The core signaling proteins of bacterial chemotaxis assemble to form an ultrastable complex.

The chemosensory pathway of bacterial chemotaxis forms a polar signaling cluster in which the fundamental signaling units, the ternary complexes, are arrayed in a highly cooperative, repeating lattice. The repeating ternary units are composed of transmembrane receptors, histidine-kinase CheA, and coupling protein CheW, but it is unknown how these three core proteins are interwoven in the assembled ultrasensitive lattice. Here, to further probe the nature of the lattice, we investigate its stability. The findings reveal that once the signaling cluster is assembled, CheA remains associated and active for days in vitro. All three core components are required for this ultrastable CheA binding and for receptor-controlled kinase activity. The stability is disrupted by low ionic strength or high pH, providing strong evidence that electrostatic repulsion between the highly acidic core components can lead to disassembly. We propose that ultrastability arises from the assembled lattice structure that establishes multiple linkages between the core components, thereby conferring thermodynamic or kinetic ultrastability to the bound state.
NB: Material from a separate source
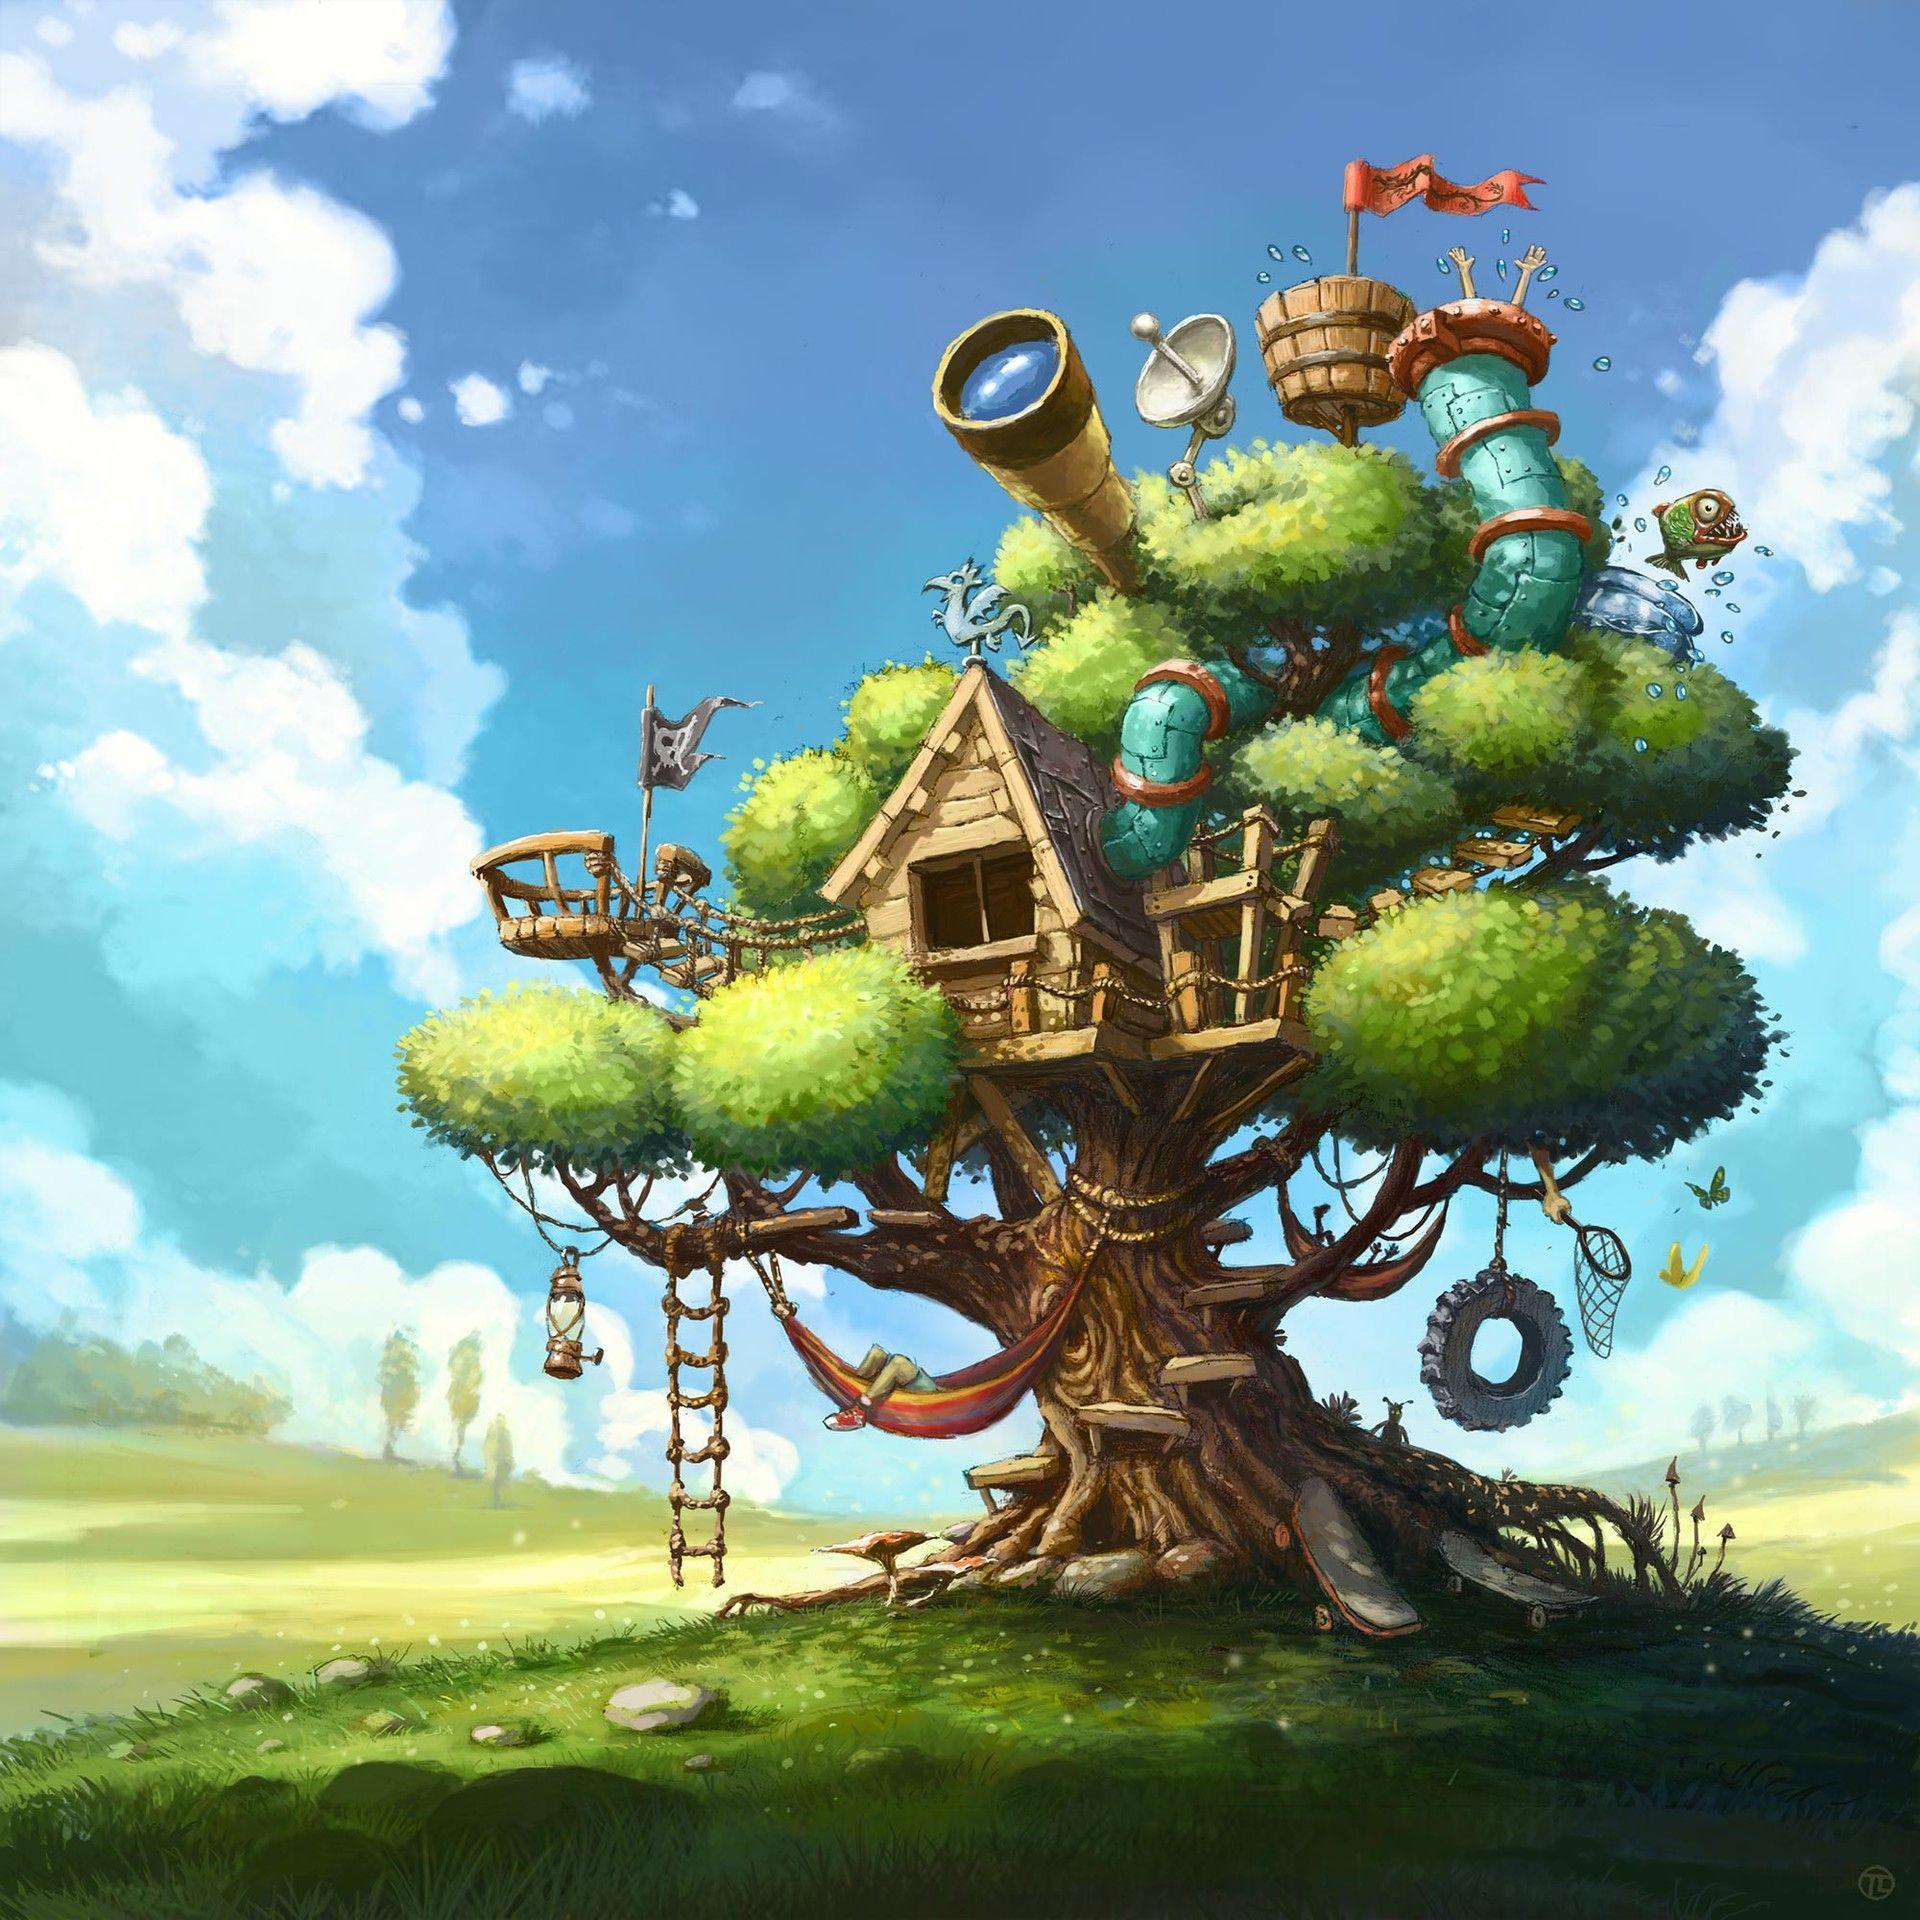 ArtStation - Best Tree House ever :), Tomek Larek

An important, known function of the lattice structure is to facilitate receptor cooperativity, which in turn enhances pathway sensitivity. In the cell, however, the ultrastability of the lattice could lead to uncontrolled growth of the signaling complex until it fills the inner membrane. We hypothesize that such uncontrolled growth is prevented by an unidentified intracellular disassembly system that is lost when complexes are isolated from cells, thereby unmasking the intrinsic complex ultrastability. Possible biological functions of ultrastability are discussed.